NAND Flash Maker Kioxia Says It Will Offer 1,000-Layer Flash By 2027

The world’s NAND flash makers have been embroiled in a battle to reach 1,000 layers of flash first. This race will theoretically give the winner the opportunity to be first to market with an ultra-high-capacity SSD that goes far beyond the existing maximum of 8TB for a consumer drive. It’s been unclear when NAND flash manufacturers would be able to achieve this watershed moment in the development of storage technology, though. Now, flash maker Kioxia says it should have something ready by 2027.
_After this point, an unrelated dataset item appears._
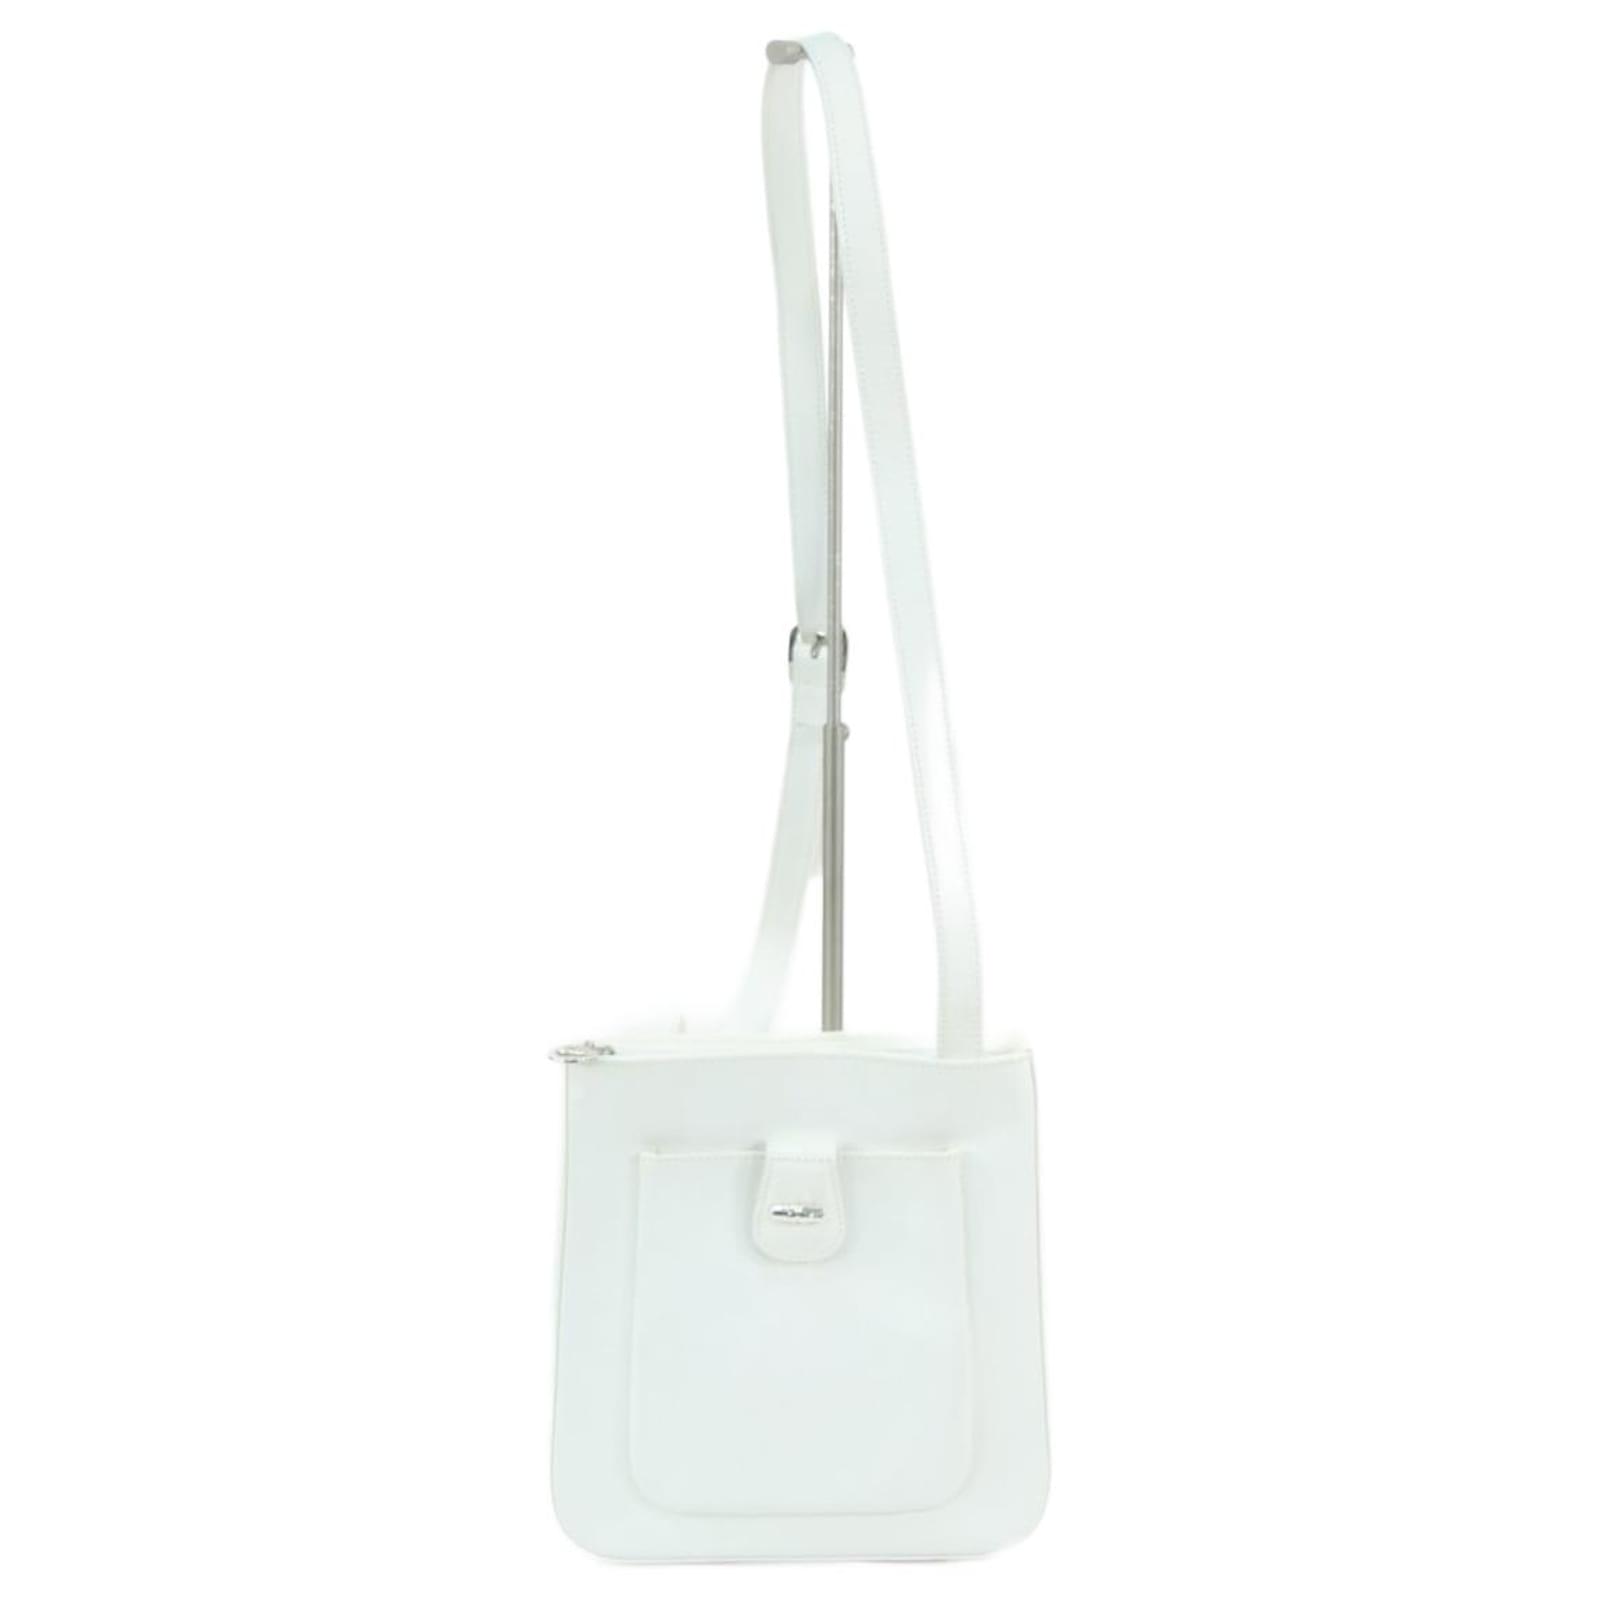 Longchamp Handbag Dimensions

Kioxia is a Japanese memory manufacturer that used to go by the name of Toshiba, and it is known for being the company that invented flash memory in 1987. It’s also previously worked with Western Digital, and the two companies are embroiled in merger talks that never seem to resolve. Regardless, the company presented at a recent memory industry gathering where it laid out its plans, which include 1,000-layer NAND flash by 2027, according to the Japanese site PC Watch. The site notes that if this is achieved, it’s roughly three times what is possible currently—which is why we’re a bit skeptical about the timeline.

The company’s 3D-stacked memory is called BiCS, which stands for “batch processing technology.”
Credit: Kioxia

As Hothardware points out, industry heavyweight Samsung currently uses just 176 layers on its flagship SSD, the 990 Pro. Samsung rival SK Hynix has also talked about increasing density lately, too. Last year, it demonstrated the first SSD to go beyond 300 layers, but it will likely take a few years to come to fruition. SK Hynix also just recently moved beyond 176 to 238 layers and will eventually move to 321 layers—possibly as early as 2025. Micron is also currently at 232 layers. We still have several generations of NAND flash to go before we’re even close to 1,000 layers.

PC Watch notes that to achieve this anticipated density level, NAND manufacturers like Kioxia will likely switch to a denser flash using more bits per cell. In today’s drives, the most-used type of NAND is TLC for triple-level cell, or three bits per cell. QLC, or quad-level cell drives, have four bits per cell. But the more bits you add to each cell, the more difficult the engineering becomes due to how close the bits are to each other. In this bold new frontier of high-capacity SSDS, we might begin to see more QLC drives, and even PLC, or penta-level cell with five bits per cell. These drives would not perform as well as TLC but would offer much higher capacities.